Transcribe everything in the records, dropping and changing nothing.

^^^^^^^^

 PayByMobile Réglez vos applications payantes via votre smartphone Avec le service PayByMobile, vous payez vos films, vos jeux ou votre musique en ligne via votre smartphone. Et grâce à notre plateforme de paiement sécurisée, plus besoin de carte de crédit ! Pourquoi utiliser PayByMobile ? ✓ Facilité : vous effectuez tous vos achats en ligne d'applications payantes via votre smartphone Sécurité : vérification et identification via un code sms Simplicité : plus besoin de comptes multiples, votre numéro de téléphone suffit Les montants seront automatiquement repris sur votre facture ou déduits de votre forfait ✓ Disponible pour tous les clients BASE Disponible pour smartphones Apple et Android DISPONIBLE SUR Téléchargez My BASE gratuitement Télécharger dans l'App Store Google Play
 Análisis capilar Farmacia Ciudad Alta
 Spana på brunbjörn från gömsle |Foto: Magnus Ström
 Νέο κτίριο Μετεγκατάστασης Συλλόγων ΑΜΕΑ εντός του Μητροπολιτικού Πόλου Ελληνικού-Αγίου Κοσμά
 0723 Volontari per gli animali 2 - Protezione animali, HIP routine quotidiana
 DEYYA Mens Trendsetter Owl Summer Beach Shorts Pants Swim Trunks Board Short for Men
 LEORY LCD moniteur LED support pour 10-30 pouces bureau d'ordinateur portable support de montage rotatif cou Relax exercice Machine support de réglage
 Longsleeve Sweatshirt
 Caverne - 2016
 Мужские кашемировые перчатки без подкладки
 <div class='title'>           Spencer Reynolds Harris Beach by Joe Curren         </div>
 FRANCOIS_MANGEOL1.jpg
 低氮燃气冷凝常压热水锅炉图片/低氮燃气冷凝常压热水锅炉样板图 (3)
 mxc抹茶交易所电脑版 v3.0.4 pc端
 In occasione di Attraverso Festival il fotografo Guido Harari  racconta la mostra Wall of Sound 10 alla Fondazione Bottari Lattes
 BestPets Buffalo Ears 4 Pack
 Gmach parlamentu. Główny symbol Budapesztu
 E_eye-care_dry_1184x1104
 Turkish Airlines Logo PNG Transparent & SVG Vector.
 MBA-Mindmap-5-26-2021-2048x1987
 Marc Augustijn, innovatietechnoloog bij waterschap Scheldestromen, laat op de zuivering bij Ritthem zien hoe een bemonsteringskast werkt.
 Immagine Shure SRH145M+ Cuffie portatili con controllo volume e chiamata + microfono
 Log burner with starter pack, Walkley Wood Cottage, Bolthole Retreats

^^^^^^^^

_TASK RESULT_.
 PayByMobile Réglez vos applications payantes via votre smartphone Avec le service PayByMobile, vous payez vos films, vos jeux ou votre musique en ligne via votre smartphone. Et grâce à notre plateforme de paiement sécurisée, plus besoin de carte de crédit ! Pourquoi utiliser PayByMobile ? ✓ Facilité : vous effectuez tous vos achats en ligne d'applications payantes via votre smartphone Sécurité : vérification et identification via un code sms Simplicité : plus besoin de comptes multiples, votre numéro de téléphone suffit Les montants seront automatiquement repris sur votre facture ou déduits de votre forfait ✓ Disponible pour tous les clients BASE Disponible pour smartphones Apple et Android DISPONIBLE SUR Téléchargez My BASE gratuitement Télécharger dans l'App Store Google Play
 Análisis capilar Farmacia Ciudad Alta
 Spana på brunbjörn från gömsle |Foto: Magnus Ström
 Νέο κτίριο Μετεγκατάστασης Συλλόγων ΑΜΕΑ εντός του Μητροπολιτικού Πόλου Ελληνικού-Αγίου Κοσμά
 0723 Volontari per gli animali 2 - Protezione animali, HIP routine quotidiana
 DEYYA Mens Trendsetter Owl Summer Beach Shorts Pants Swim Trunks Board Short for Men
 LEORY LCD moniteur LED support pour 10-30 pouces bureau d'ordinateur portable support de montage rotatif cou Relax exercice Machine support de réglage
 Longsleeve Sweatshirt
 Caverne - 2016
 Мужские кашемировые перчатки без подкладки
 <div class='title'>           Spencer Reynolds Harris Beach by Joe Curren         </div>
 FRANCOIS_MANGEOL1.jpg
 低氮燃气冷凝常压热水锅炉图片/低氮燃气冷凝常压热水锅炉样板图 (3)
 mxc抹茶交易所电脑版 v3.0.4 pc端
 In occasione di Attraverso Festival il fotografo Guido Harari  racconta la mostra Wall of Sound 10 alla Fondazione Bottari Lattes
 BestPets Buffalo Ears 4 Pack
 Gmach parlamentu. Główny symbol Budapesztu
 E_eye-care_dry_1184x1104
 Turkish Airlines Logo PNG Transparent & SVG Vector.
 MBA-Mindmap-5-26-2021-2048x1987
 Marc Augustijn, innovatietechnoloog bij waterschap Scheldestromen, laat op de zuivering bij Ritthem zien hoe een bemonsteringskast werkt.
 Immagine Shure SRH145M+ Cuffie portatili con controllo volume e chiamata + microfono
 Log burner with starter pack, Walkley Wood Cottage, Bolthole Retreats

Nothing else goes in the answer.